Exercise data:

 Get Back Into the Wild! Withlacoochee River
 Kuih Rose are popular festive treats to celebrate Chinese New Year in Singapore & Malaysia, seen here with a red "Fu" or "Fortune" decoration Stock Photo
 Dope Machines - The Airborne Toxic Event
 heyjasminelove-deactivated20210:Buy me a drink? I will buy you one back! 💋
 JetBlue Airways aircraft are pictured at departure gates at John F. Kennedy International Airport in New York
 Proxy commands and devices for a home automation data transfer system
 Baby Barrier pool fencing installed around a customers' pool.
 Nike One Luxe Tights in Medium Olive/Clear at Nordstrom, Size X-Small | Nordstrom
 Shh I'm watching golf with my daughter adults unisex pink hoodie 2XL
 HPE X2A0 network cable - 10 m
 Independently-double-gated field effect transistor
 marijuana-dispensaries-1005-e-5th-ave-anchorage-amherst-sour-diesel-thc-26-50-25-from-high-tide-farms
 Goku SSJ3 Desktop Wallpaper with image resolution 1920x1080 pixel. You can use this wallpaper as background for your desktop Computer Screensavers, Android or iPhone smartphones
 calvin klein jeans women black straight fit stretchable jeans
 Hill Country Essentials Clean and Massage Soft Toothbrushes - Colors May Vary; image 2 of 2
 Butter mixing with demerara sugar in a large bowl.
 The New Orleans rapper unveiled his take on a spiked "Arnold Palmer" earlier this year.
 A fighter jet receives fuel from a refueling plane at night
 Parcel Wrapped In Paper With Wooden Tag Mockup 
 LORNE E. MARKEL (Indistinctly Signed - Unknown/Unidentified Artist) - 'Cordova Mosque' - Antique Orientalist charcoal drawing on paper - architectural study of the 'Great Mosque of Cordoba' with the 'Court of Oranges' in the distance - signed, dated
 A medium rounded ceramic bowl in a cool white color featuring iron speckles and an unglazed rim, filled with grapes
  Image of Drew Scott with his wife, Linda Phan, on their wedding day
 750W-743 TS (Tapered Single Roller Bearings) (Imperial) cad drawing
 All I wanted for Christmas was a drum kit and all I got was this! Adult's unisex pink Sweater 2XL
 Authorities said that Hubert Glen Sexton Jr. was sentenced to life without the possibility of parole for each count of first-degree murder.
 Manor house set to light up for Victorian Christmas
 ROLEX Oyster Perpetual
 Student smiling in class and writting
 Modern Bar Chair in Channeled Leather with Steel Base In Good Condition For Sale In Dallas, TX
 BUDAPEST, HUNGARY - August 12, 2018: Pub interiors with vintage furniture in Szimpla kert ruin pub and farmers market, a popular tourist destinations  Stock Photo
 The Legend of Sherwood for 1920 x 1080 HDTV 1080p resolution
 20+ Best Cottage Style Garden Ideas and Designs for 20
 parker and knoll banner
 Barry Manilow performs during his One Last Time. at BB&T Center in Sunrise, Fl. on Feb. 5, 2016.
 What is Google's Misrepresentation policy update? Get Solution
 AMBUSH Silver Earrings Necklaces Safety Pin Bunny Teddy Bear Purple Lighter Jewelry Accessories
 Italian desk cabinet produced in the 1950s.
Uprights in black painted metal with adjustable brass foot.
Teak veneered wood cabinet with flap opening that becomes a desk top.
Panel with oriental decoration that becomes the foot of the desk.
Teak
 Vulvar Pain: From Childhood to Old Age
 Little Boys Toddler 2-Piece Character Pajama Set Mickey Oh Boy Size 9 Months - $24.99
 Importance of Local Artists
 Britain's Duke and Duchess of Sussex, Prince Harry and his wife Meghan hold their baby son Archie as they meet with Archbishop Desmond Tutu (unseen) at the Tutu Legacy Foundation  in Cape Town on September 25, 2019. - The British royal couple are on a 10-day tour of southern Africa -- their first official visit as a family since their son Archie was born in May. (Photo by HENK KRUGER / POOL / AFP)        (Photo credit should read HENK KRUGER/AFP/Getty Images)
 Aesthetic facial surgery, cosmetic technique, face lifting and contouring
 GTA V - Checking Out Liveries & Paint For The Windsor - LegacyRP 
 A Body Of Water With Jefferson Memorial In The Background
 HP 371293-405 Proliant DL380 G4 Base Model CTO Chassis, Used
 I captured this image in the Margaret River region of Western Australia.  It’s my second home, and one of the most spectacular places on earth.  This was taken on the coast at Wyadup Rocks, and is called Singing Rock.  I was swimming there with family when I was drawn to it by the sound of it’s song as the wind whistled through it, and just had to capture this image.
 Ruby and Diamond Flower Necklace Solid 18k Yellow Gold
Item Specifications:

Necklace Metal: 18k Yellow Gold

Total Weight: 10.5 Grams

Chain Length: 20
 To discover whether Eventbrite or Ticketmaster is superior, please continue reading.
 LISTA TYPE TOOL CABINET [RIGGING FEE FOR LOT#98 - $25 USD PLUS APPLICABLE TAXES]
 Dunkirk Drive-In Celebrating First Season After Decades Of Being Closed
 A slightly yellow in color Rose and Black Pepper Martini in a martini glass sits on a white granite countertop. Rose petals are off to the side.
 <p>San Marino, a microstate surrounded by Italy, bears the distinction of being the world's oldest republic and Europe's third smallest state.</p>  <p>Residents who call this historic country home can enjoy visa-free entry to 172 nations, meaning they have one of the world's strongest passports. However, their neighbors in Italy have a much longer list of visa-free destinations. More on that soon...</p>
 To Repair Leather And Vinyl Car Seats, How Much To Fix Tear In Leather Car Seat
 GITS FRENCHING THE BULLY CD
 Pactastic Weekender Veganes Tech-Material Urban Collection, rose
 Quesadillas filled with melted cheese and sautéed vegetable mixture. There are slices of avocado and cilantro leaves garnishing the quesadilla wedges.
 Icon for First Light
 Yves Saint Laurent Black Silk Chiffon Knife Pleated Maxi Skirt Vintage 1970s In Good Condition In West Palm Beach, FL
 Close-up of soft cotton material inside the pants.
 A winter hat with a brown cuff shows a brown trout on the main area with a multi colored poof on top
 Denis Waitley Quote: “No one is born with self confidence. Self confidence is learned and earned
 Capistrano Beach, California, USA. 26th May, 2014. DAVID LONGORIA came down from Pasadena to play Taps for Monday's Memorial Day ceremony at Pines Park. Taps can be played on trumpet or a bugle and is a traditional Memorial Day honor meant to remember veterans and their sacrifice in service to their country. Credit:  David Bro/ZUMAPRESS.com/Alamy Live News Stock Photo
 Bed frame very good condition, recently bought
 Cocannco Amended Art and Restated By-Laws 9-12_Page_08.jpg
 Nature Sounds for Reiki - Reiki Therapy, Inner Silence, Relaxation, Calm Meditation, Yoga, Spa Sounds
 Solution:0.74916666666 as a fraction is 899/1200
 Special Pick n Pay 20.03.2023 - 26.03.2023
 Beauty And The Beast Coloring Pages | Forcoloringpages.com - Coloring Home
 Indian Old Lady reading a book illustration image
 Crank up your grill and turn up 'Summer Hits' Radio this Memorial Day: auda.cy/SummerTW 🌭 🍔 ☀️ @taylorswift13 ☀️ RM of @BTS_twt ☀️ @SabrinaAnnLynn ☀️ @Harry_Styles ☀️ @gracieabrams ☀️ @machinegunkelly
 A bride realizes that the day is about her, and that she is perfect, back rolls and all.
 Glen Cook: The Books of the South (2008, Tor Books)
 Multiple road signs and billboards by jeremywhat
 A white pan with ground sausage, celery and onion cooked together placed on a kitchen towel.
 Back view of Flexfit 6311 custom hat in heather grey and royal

Exercise details:
Pull out each line of the entries that contains "popular".

Exercise result:
 Kuih Rose are popular festive treats to celebrate Chinese New Year in Singapore & Malaysia, seen here with a red "Fu" or "Fortune" decoration Stock Photo
 BUDAPEST, HUNGARY - August 12, 2018: Pub interiors with vintage furniture in Szimpla kert ruin pub and farmers market, a popular tourist destinations  Stock Photo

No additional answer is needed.